Bored, seeking new sensations, the sisters made an incognito pilgrimage to Kiev and stumbled across Rasputin. This, at least, is the claim of Aron Simanovich; others said that Feofan introduced the starets to the sisters, and the investigator accepted this version. Simanovich, however, insisted that he was in Kiev himself when the Montenegrins put up at the Mikhailovsky Monastery. One morning they glimpsed a simple wanderer chopping wood in the monastery backyard. It was Rasputin, earning his board and lodging. They fell into conversation with him; Rasputin told them of his adventures, the monks and monasteries he had visited. He said that he often preached at railroad stations and steamship landings. He was proud of his talents as a preacher and said that he could outargue educated theologians.

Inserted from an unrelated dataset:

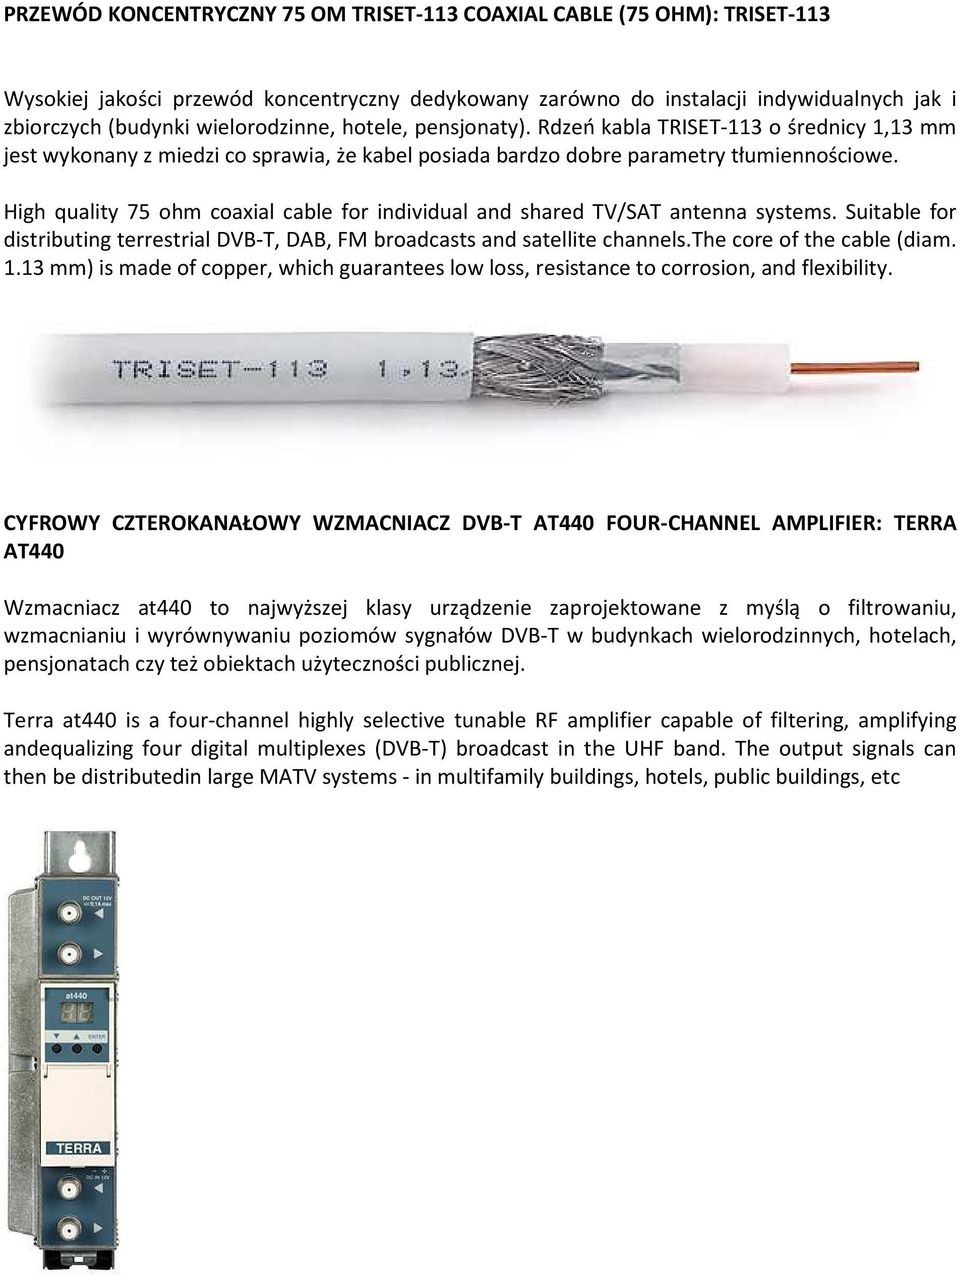 High quality 75 ohm coaxial cable for individual and shared TV/SAT antenna systems. Suitable for distributing terrestrial DVB-T, DAB, FM broadcasts and satellite channels.the core of the cable (diam.

The sisters were intrigued; they invited him for tea. There was fire as well as persuasiveness in his stories, and “his gray, penetrating eyes were shining so suggestively that his listeners were seized by an admiration for him.” When he found out the identities of his new acquaintances, he made special efforts to win their favor. He rarely boasted of his gifts, but Simanovich suggested that he made an exception for the sisters, telling them that he could cure all manner of diseases, and that he could foretell the future and divert impending disasters. He had “realized immediately,” Simanovich wrote, “what brilliant opportunities were opening.” He was on his best behavior, looking at the ladies intently and bowing deferentially to them.

The meetings continued; the sisters stood Rasputin to treats, pastries, and candies. He loved sugar in any form—sweet wine, cakes, buns; he sucked his tea through lumps of it. Simanovich noted of his mouth that “instead of teeth there showed some black rootlets.” Far from repelling the Montenegrins, however, he swayed them into “a kind of mystic worship.” Their hearts were “searching for a wonder worker,” and they were convinced that one stood in front of them. He excited them. Forecasting the impact that Rasputin would exert “upon the nervous and mystically inclined tsar and tsarina,” Militsa saw in him a new weapon for strengthening her hold on the imperial couple. She had plans to introduce him at court.